__TASK__
Every line from the one with "NFL wine glasses" through the last line below should be repeated exactly; pictures stay out of the copy.

__EXERCISE DATA__
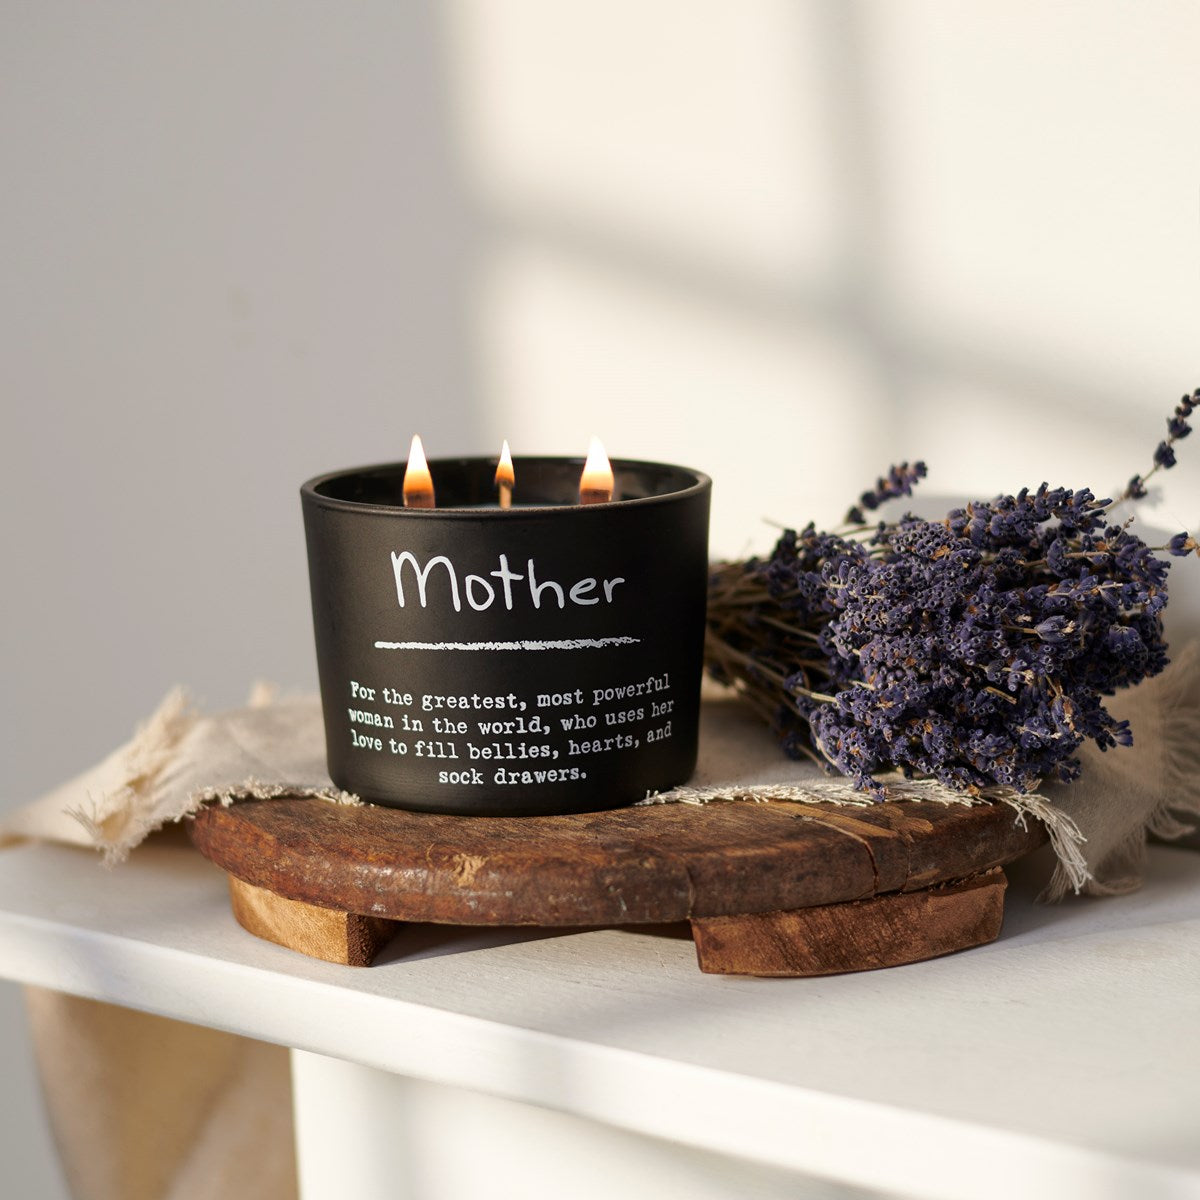 Mother Wood Wick Jar Candle Lavender Scent 14 oz
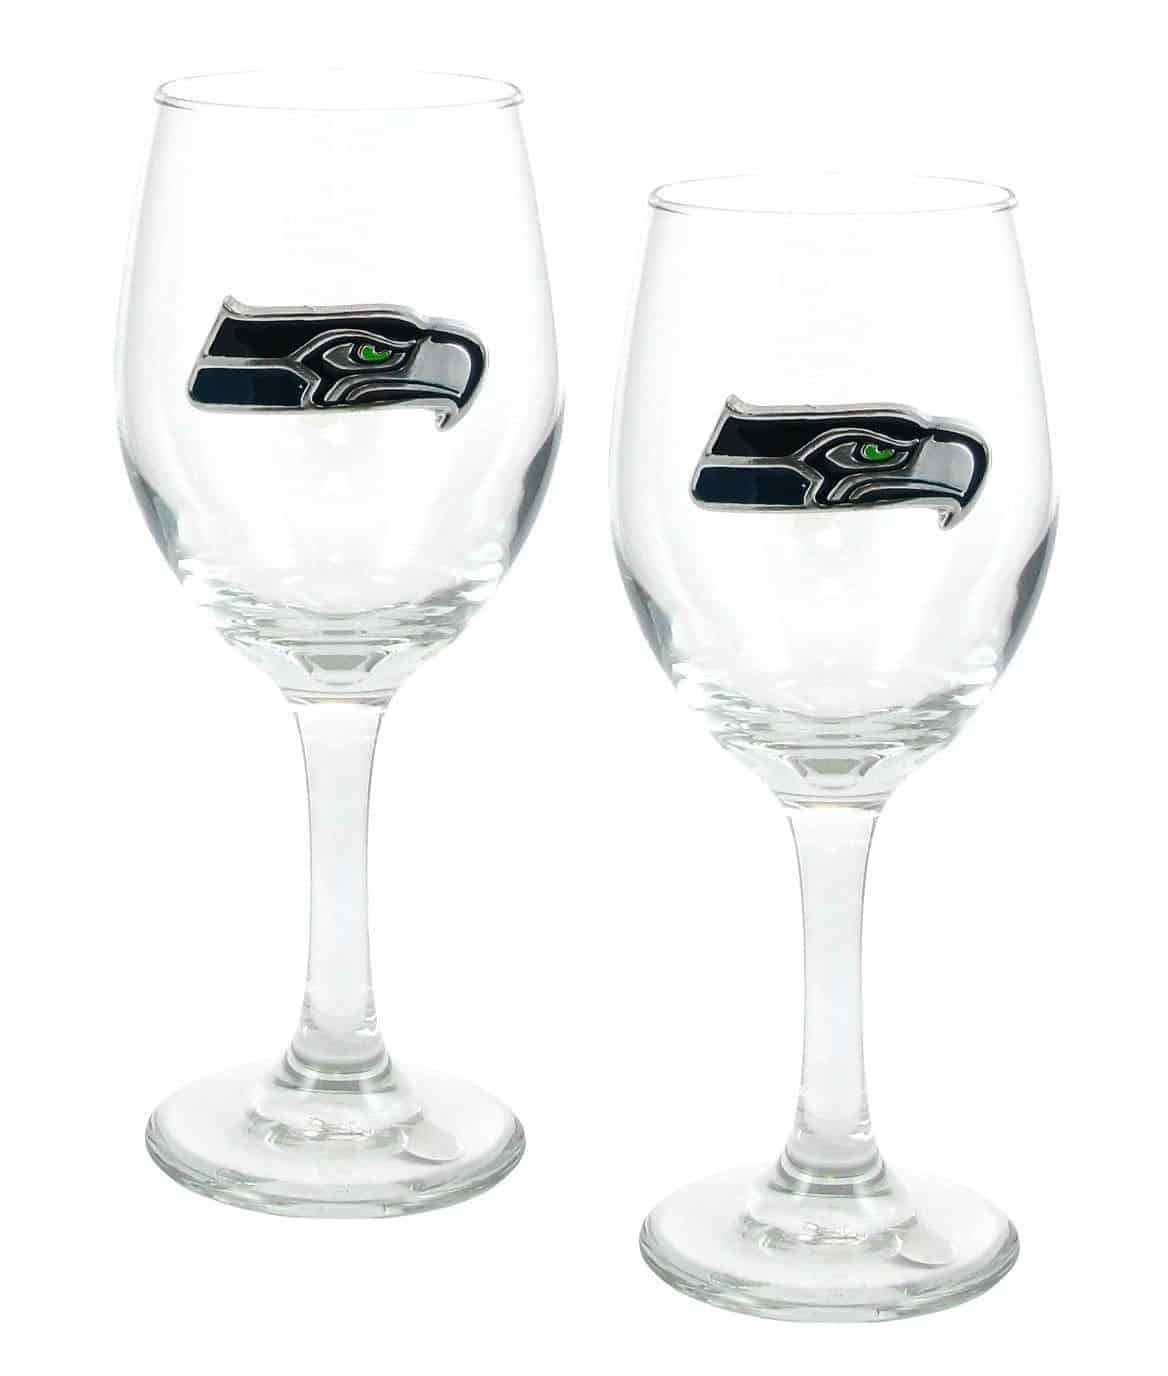 NFL wine glasses
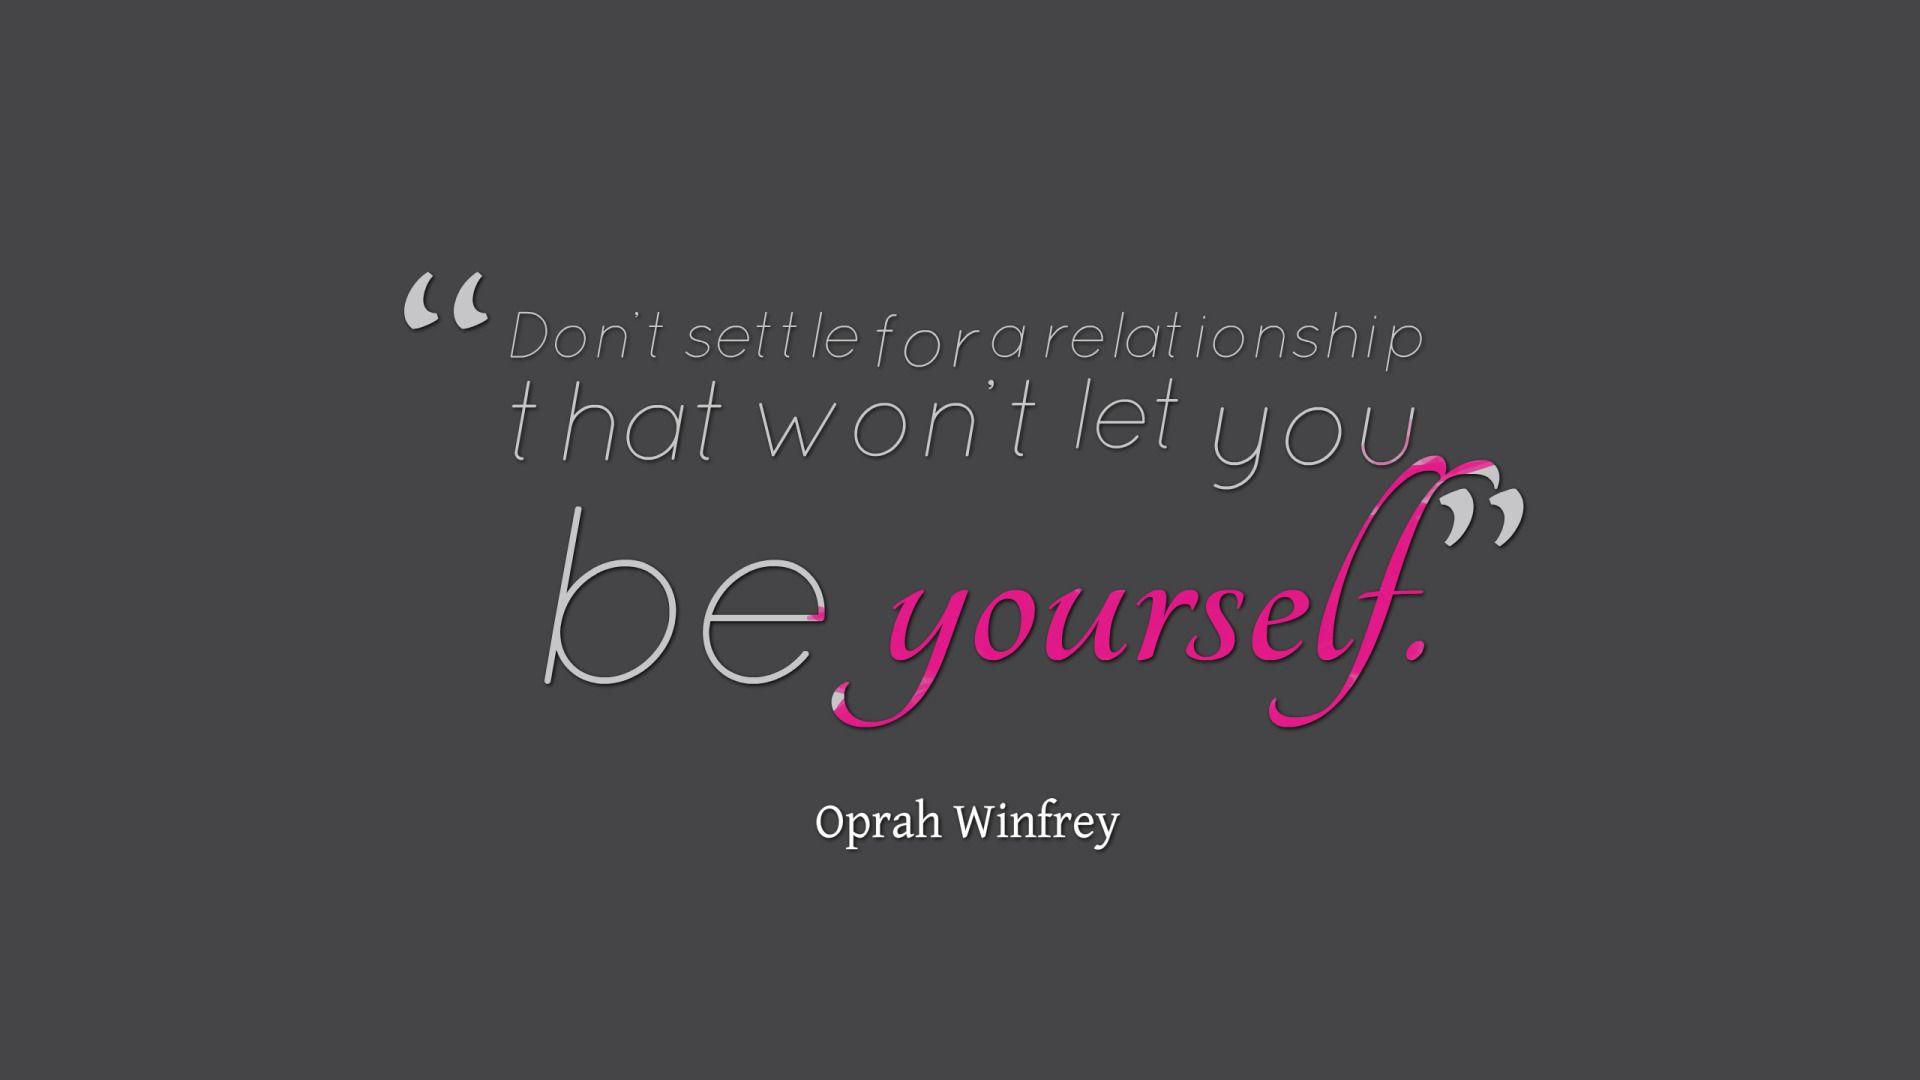 Oprah Winfrey Relationships Quote widescreen wallpaper. Wide
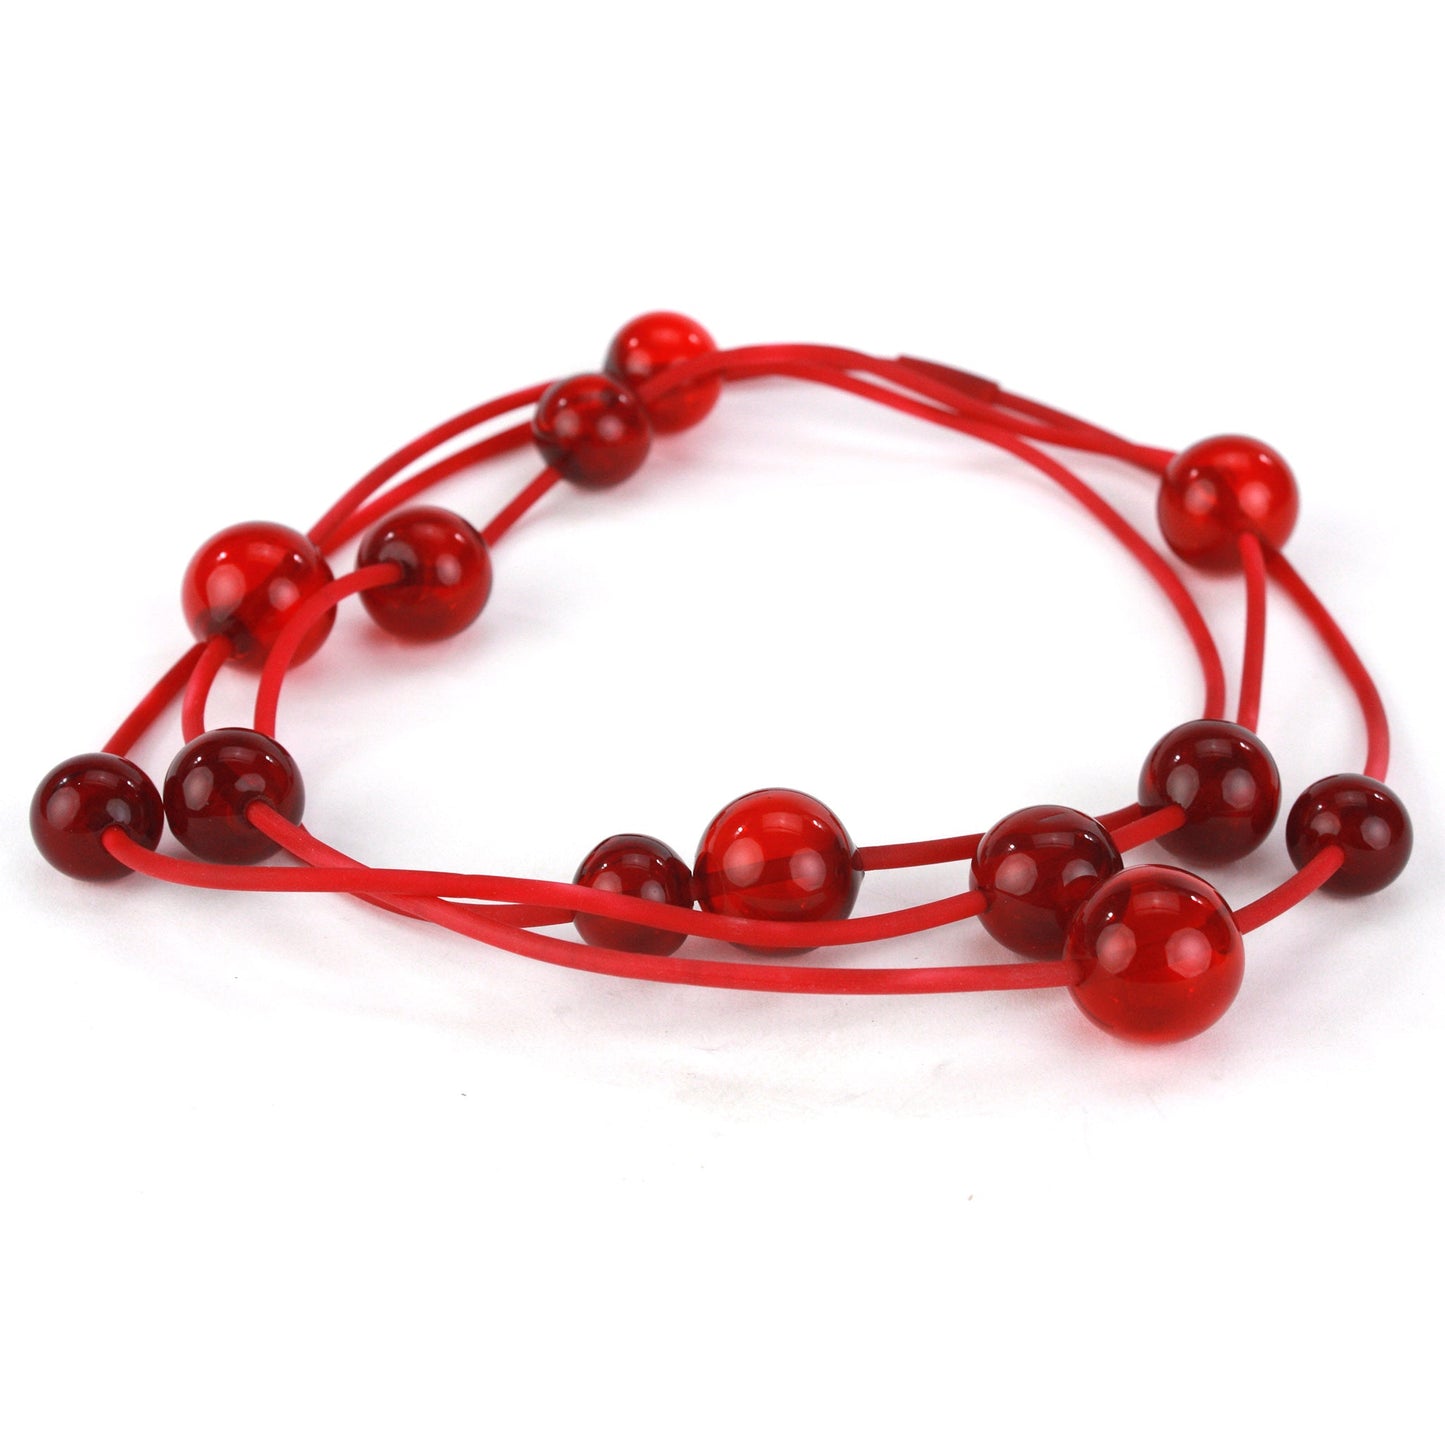 Orbit necklace -red

__WRITTEN SOLUTION__
 NFL wine glasses
 Oprah Winfrey Relationships Quote widescreen wallpaper. Wide
 Orbit necklace -red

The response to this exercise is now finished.